In the album's most beautiful song, "Beeswing," a free-spirited daughter of the hippie era clings to an unsparing ideal of freedom and independence but pays a ruinous cost for it.

If Thompson keeps telling tales of the romantically obsessed or the criminally crazed, it's because those are the characters whose stories he finds most vivid. He says the attraction began when he was a youth raiding the bookshelves of his dad, a Scotland Yard detective.

"He was a real crime buff, and he had shelves and shelves of books. Being home and being bored, I'd read whatever was on the bookshelf. I read a lot of criminology, a lot of Robert Burns and Walter Scott. There's a reason songs glorify criminals: They're a challenge to the repressive elements in society. They often are folk heroes, representing the working class standing up for themselves and overthrowing the establishment and making fun of it. Also, people on the edge (make good subjects) because they're a little insane and under extreme circumstances. It's a situation where people are more likely to reveal what's underneath."

In addition to his first-rank skills as a lyrical portrait painter and mood setter, Thompson is a passionate, idiosyncratic singer and an accomplished, even more idiosyncratic guitarist. His music is grounded in the troika of key influences he heard as a youngster: American roots rockers, traditional British folk music and jazz sources such as Duke Ellington and Django Reinhardt. Middle Eastern sources also began to enter the picture in the 1970s, when Thompson converted to Islam.

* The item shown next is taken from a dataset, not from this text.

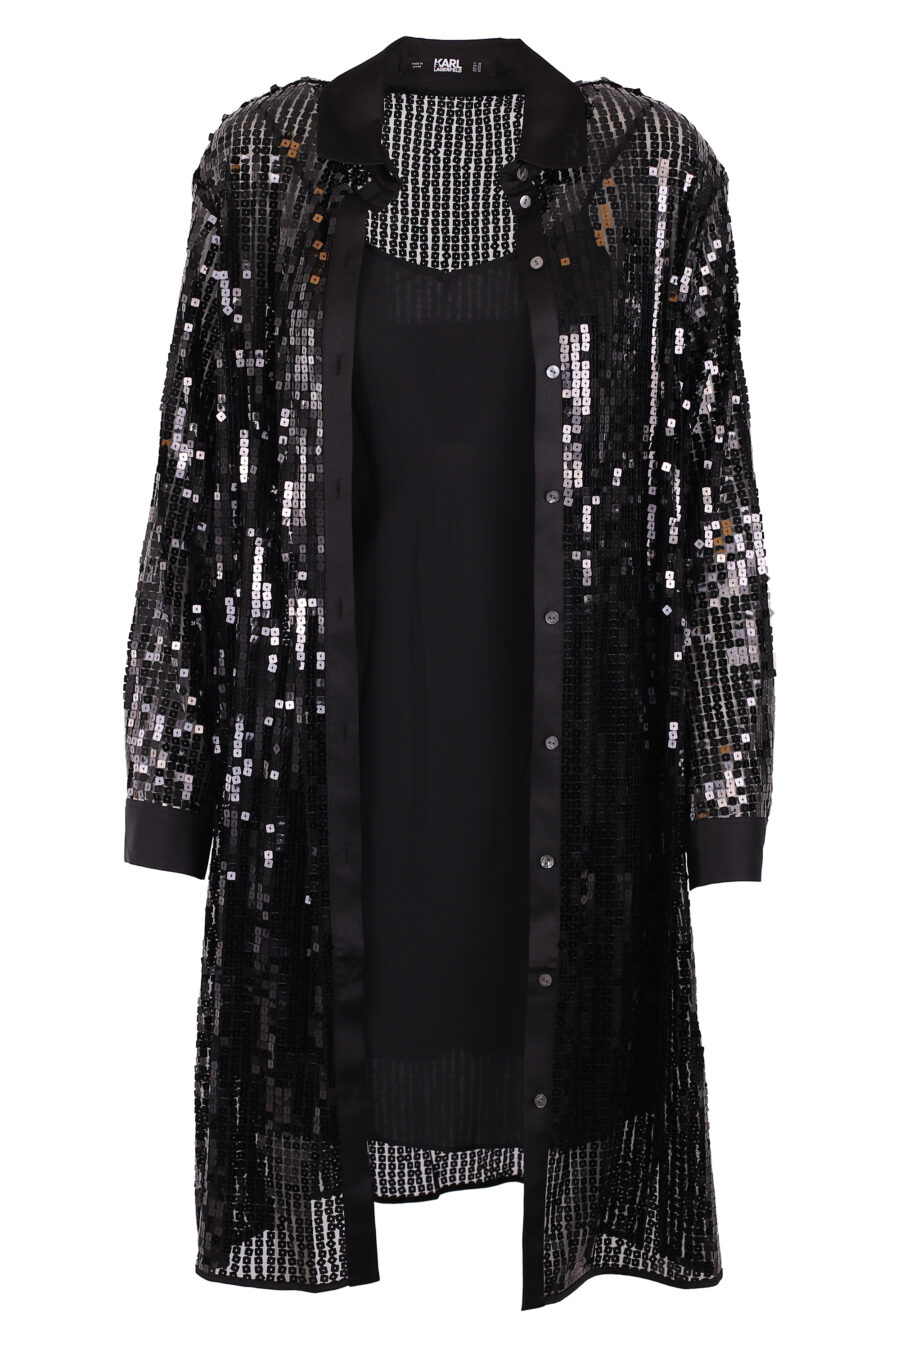 Robe tunique noire à paillettes - IMG 6263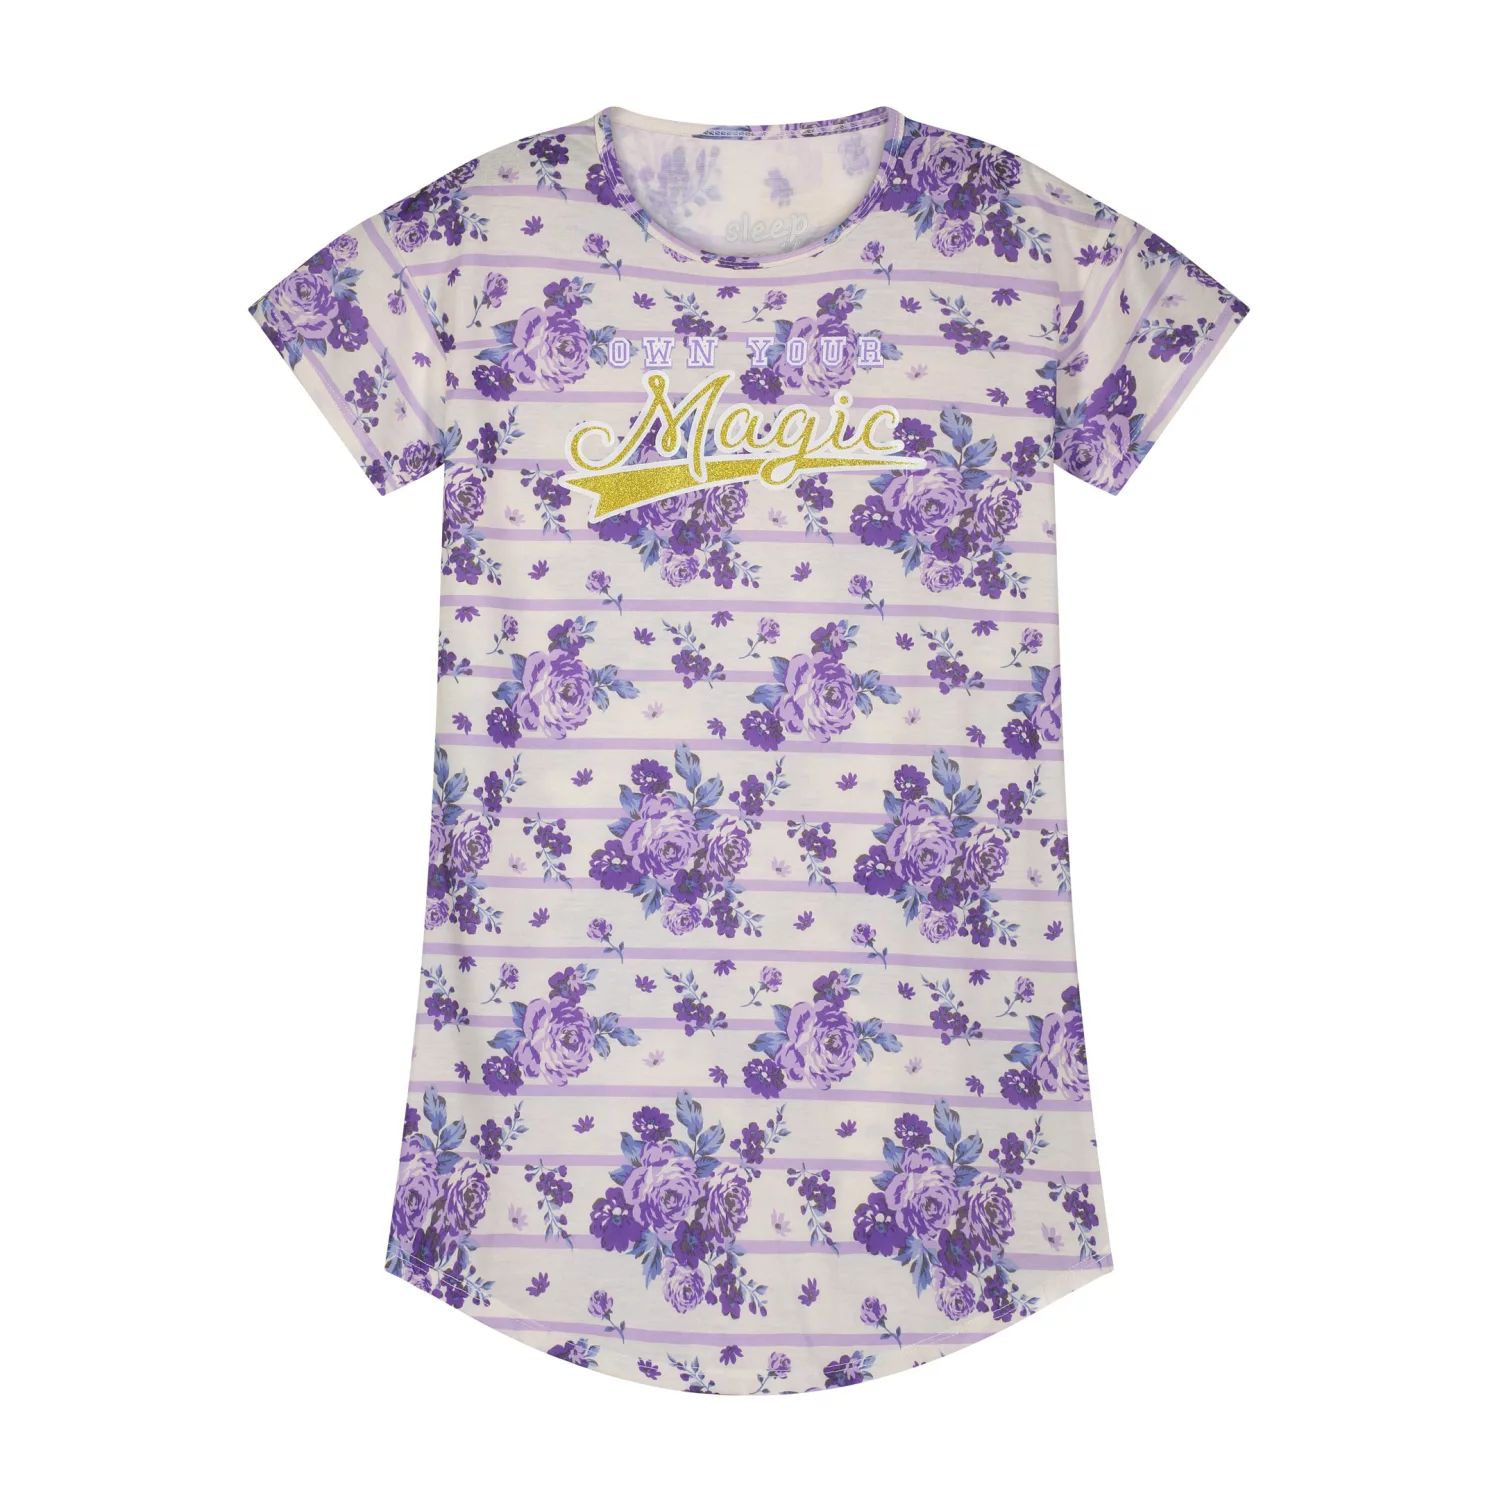 Пижамная рубашка Sleep On It для девочек с волшебным цветочным принтом и соответствующей маской для сна Sleep on it

His first band, Fairport Convention, based its first efforts on early American rock 'n' roll before moving on to its signature melding of rock with British folk (Thompson's current touring band includes former Fairport drummer Dave Mattacks, as well as bassist Danny Thompson--no relation--and multi-instrumentalist Pete Zorn).

"British music was something we'd listened to for a few years. We hung out in folk clubs where we'd hear a lot of bad music and sometimes some really inspired music. We used to play a wide range in early Fairport. At a certain point we realized we were never going to be classic imitators of American music. . . . If we were going to excel at anything, we decided we should concentrate on British music and give it some sort of contemporary value.

" 'Liege and Lief' (1969) was the album where it went full-out. We were going to revert to a broader style palette (after that folk-rooted album), but we decided it was more heartfelt. As far as I was concerned, there was something that stirred when you sang the songs in that style."